As I scrolled through the accursèd PDF file, I was increasingly amazed at the un-MacDonald-ness of the story. His touch with a wisecrack was entirely absent, his trademark pessimism was not yet at full cry as the ending was hopeful (!), and while I would not put MacDonald up there with Henry James in the ability to convey character in a few well-chosen words, these folks were Central Casting call sheets.
So it was that, despite the siren call of sleep, I scrolled and scrolled through the scanned pages of this deeply forgotten footnote to the popular career of MacDonald. It was certainly MacDonaldy in the sense that, despite the humorously outdated science, and despite the hoary familiar tropes being unspooled before me, I couldn't think of a good reason not to keep right on reading until the inevitable ending. And by inevitable, I mean so clearly telegraphed in the set-up that Helen Keller running out of a burning building wouldn't have any trouble supplying it for you.

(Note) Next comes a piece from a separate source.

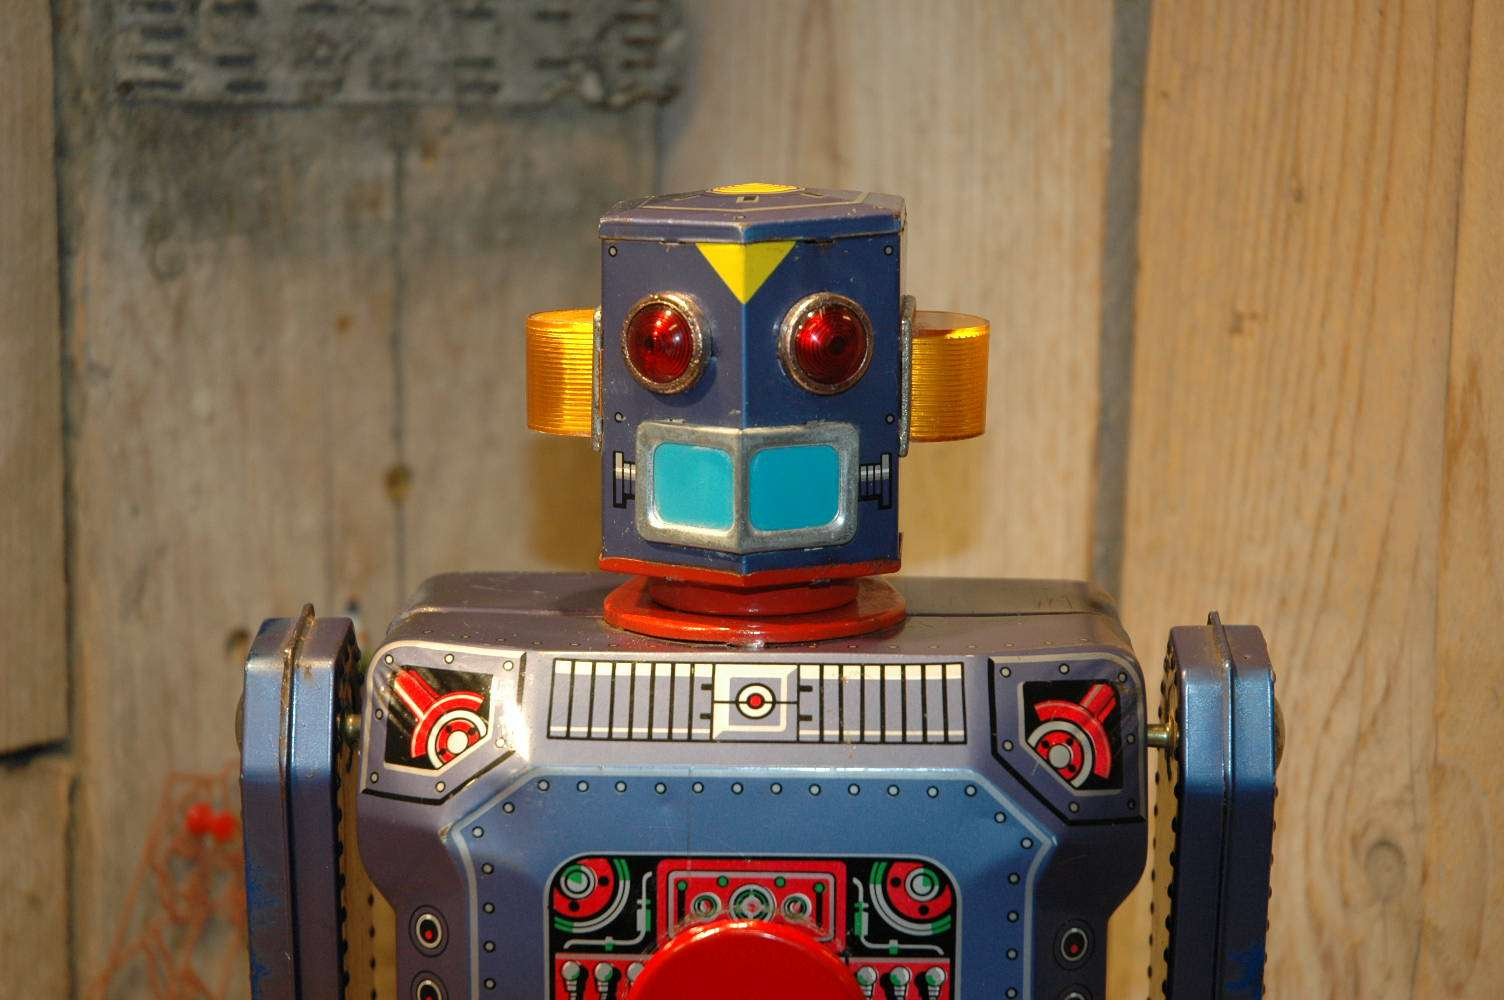 Modern Toys - Target Robot
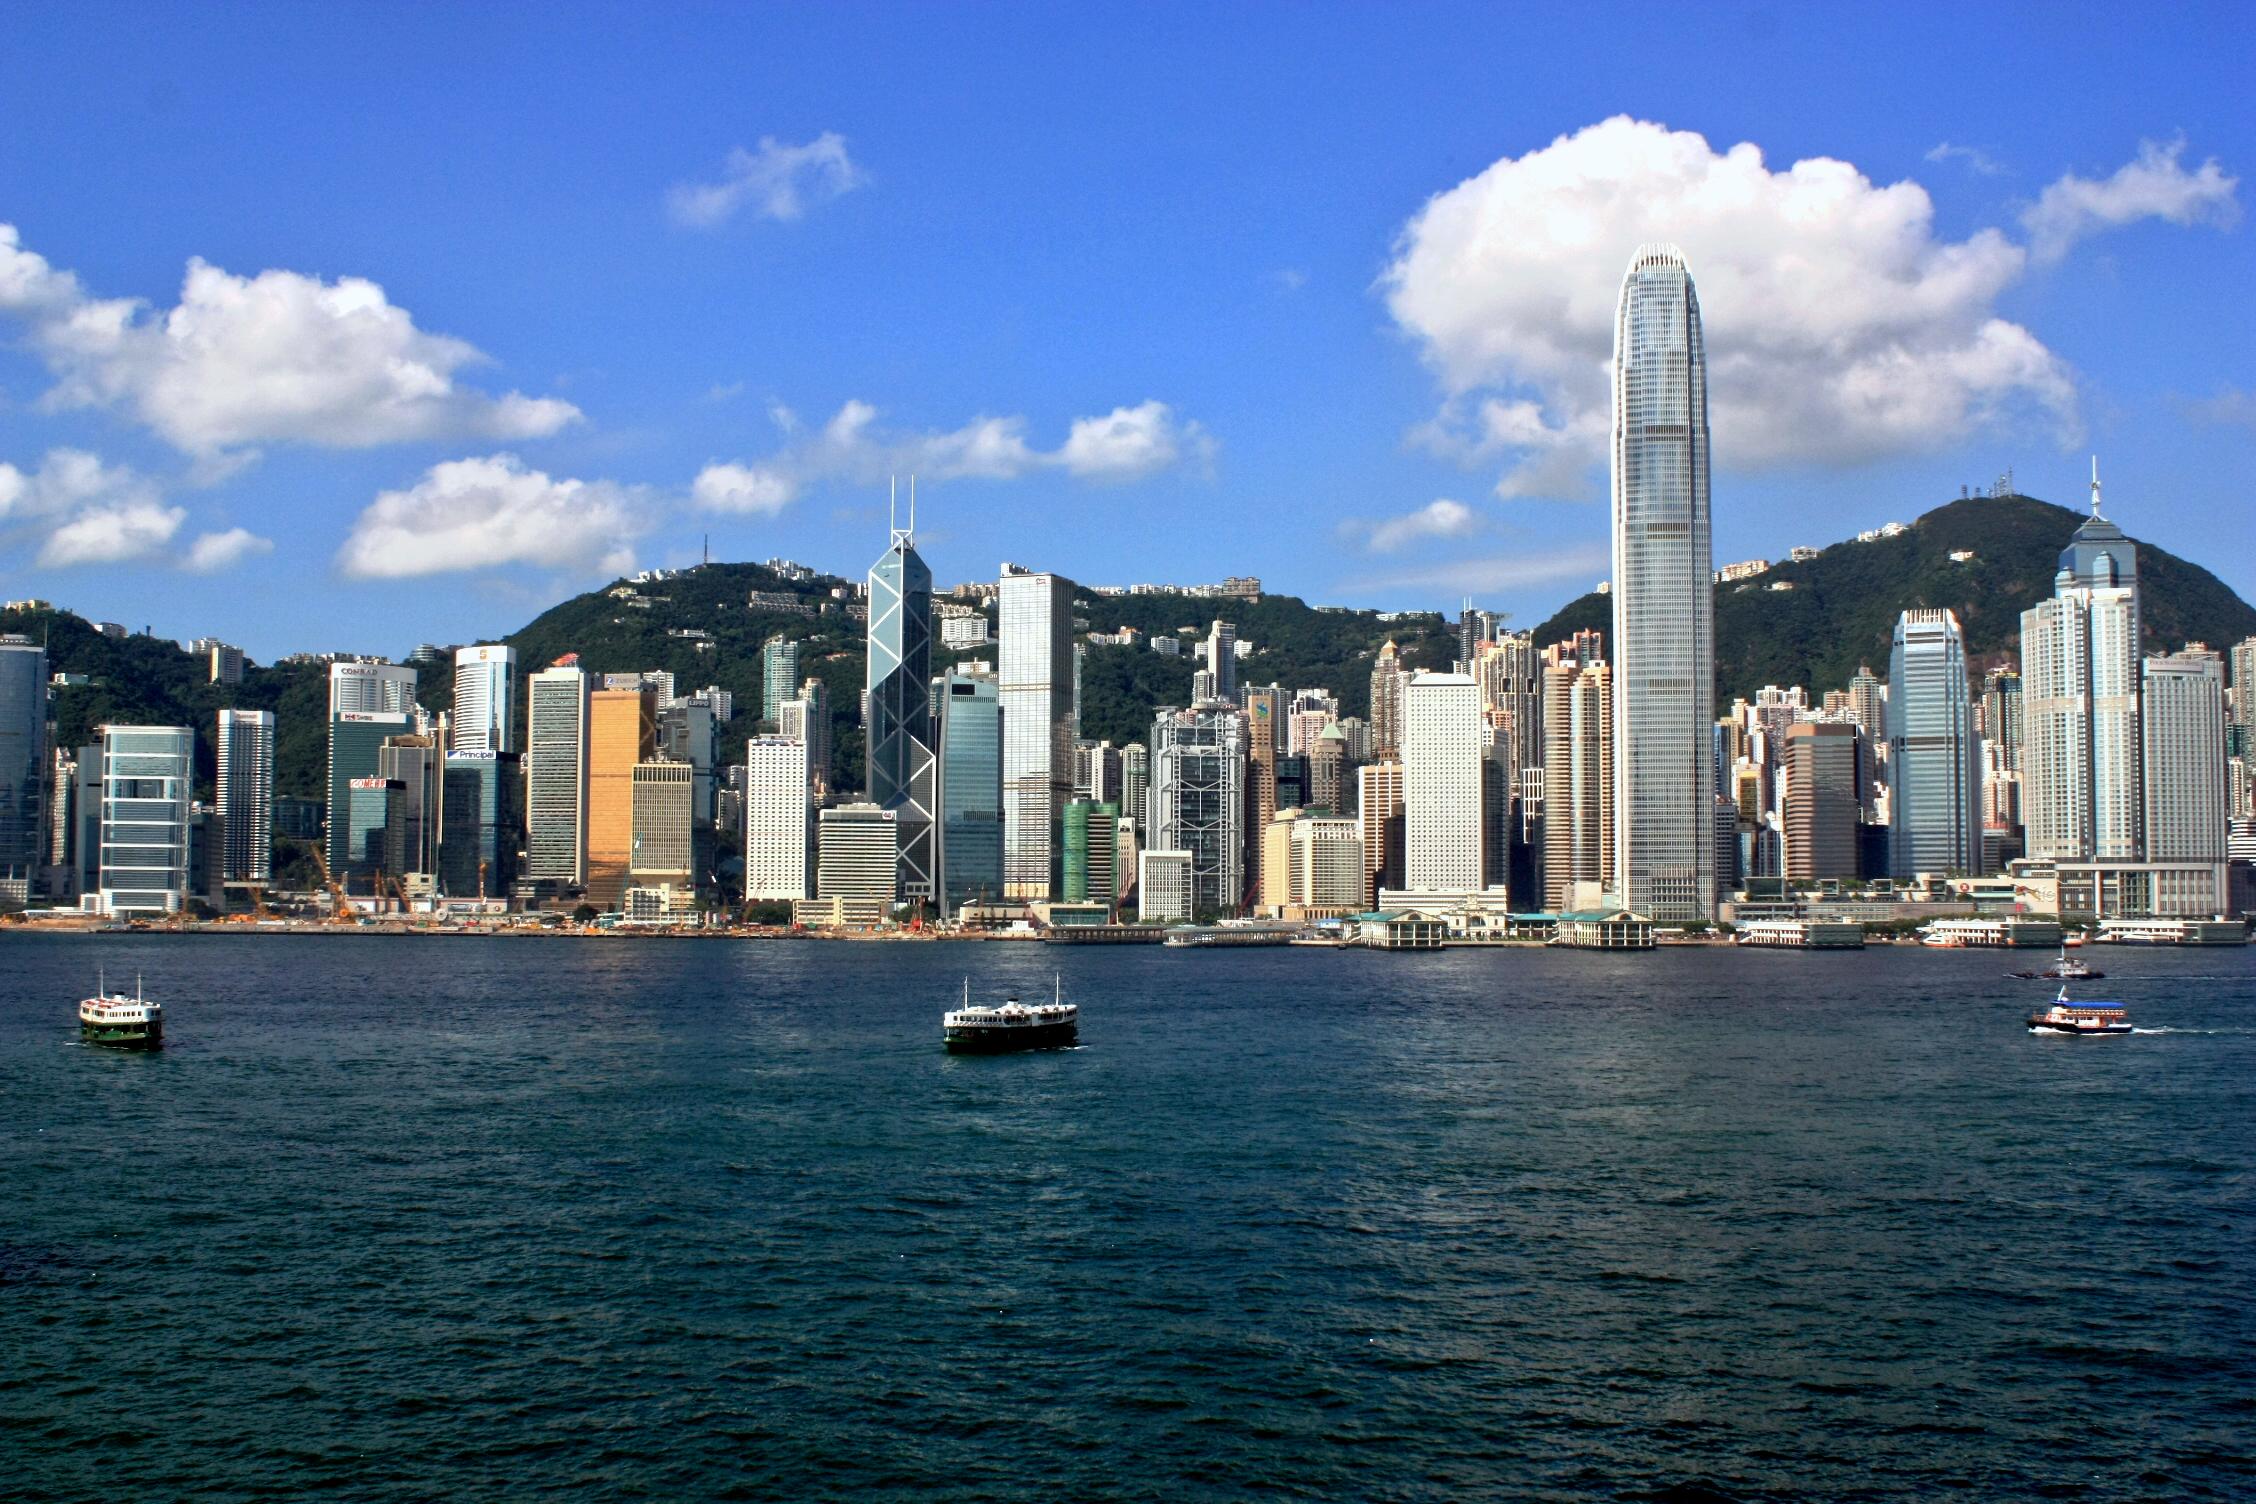 http://www.prasannaholidays.com/wp-content/uploads/2014/05/Hong_Kong_Island_Skyline_2009.jpg

Sophisticates are therewith warned.
In fact, would I recommend starting this little marvy to most people? No, not really, it's not earth-shatteringly good at anything. It's a curiosity, and a charmingly old-fashioned stroll down memory lane for those of us on the downhill slide to death. You can always download it free with a modest amount of effort if Halloween seems like the right time to think about the dear, dead past's quiet little corners.